Attorney, Agent or Firm: Groen; Eric J.
Claims
We claim:
1. An electrical connector having at least one pin positioned in an
insulated housing, said pin including a mating contact portion extending
from one side of said housing and a printed circuit board contact portion
extending from another side thereof said connector being characterized in
that:
said pin is stamped and formed to include an elongate hollow cylindrical
section forming said mating contact portion, said hollow section having an
elonqate seam formed by said forming, said hollow section further
comprising a cylindrical bead positioned within said cylindrical section
having the ability to melt to fill said axial seam.
2. The electrical connector of claim 1, characterized in that the
cylindrical bead has a melting temperature sufficiently low, to melt and
fill said axial seam during a wave soldering process, for connecting a
printed circuit board to said printed circuit board portions.
3. The electrical connector according to claim 1, characterized in that
said bead is formed of an extruded plastic material.
4. The electrical connector of claim 3, characterized in that the melting
temperature of said cylindrical bead is between the range of 220.degree.
C. to 225.degree. C.
5. An electrical connector having at least one pin positioned in an
insulated housing, said pin including a mating contact portion extending
from one side of said housing and a printed circuit board contact portion
extending from another side thereof, said connector being characterized in
that:
said pin is stamped and formed to include an elongate cylindrical pin
having a substantially closed seam forming said pin, said pin further
comprising a retention section positioned medially between said elongate
pin and said printed circuit contact portion, said retention section being
formed by a plurality of serrated peripheral teeth forming upwardly facing
retention surfaces, said pin being positioned in a complementary through
hole of a connector housing, said serrated teeth being substantially
encapsulated with said material forming said through hole.

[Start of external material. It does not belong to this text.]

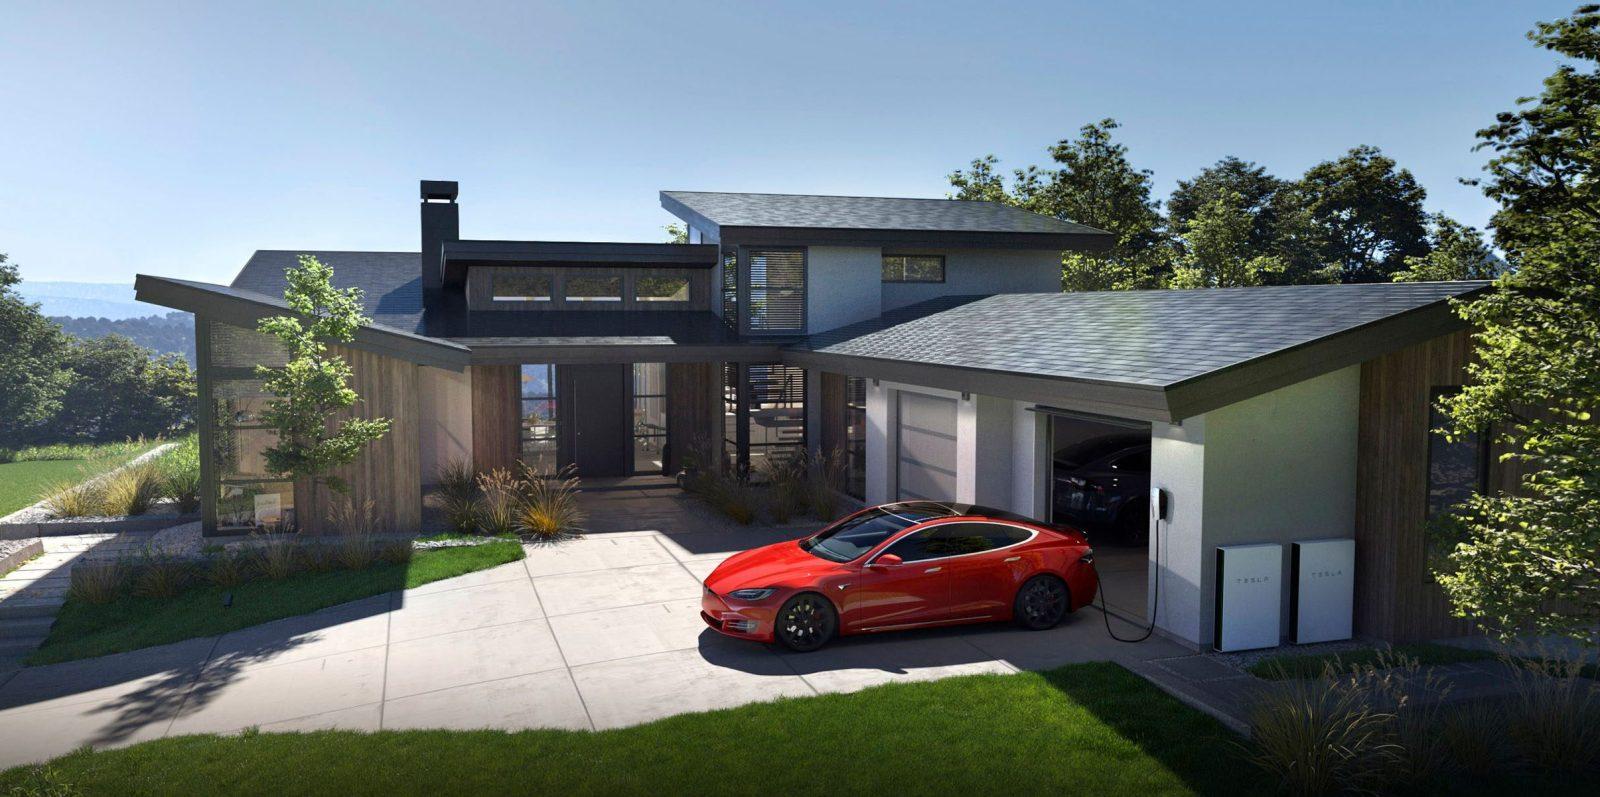 Tesla Energy deploys a new record amount of energy storage, solar still down

6. The electrical connector of claim 5, characterized in that said material
around said through hole, has been melted to flow around said serrated
teeth.
7. The electrical connector according to claim 5, characterized in that
said serrated portion has an axial seam, wider at a lower portion thereof,
adjacent to said printed circuit board portion, allowing said serrated
portion to be radially contractible, to close said seam.
Description
BACKGROUND OF THE INVENTION
1. Field of the Invention
The subject invention relates to a stamped and formed pin having a solid
plastic material positioned within the formed pin, such that upon wave
soldering the pins to a printed circuit board, the internal plastic plug
liquifies to seal the seam forming the pin.
2. Descriotion of the Prior Art
Presently many pin headers which are wave soldered to print circuit boards
include solid screw machined pins positioned within insulating housings.
While these pins are in general an excellent electrical connection, the
solid pin can, in the instance of the application of wave soldering the
electrical connectors to printed circuit boards, detract from the quality
of the electrical connection. First, as the electrical connectors are wave
soldered to the board, the solid pins, typically a copper or brass alloy
in composition, act as heat sinks for quickly removing the heat from a
wave soldered connection, thereby cooling the solder joint too quickly,
thereby forming an ineffective electrical connection, sometimes referred
to as a "cold solder". Secondly, the heating of the solid pin can actually
have an end result of loosening the terminal in the corresponding through
hole of the tab header. In as much as the solid pins expand upon heating,
as caused by the wave soldering, and subsequently contract after cooling,
the expansion of the screw machined pins cause a compression of the
electrical tab housing plastic around the pin causing an enlargement of
the through hole, such that upon contraction of the pin upon cooling, the
pin is actually loosened within its associated through hole.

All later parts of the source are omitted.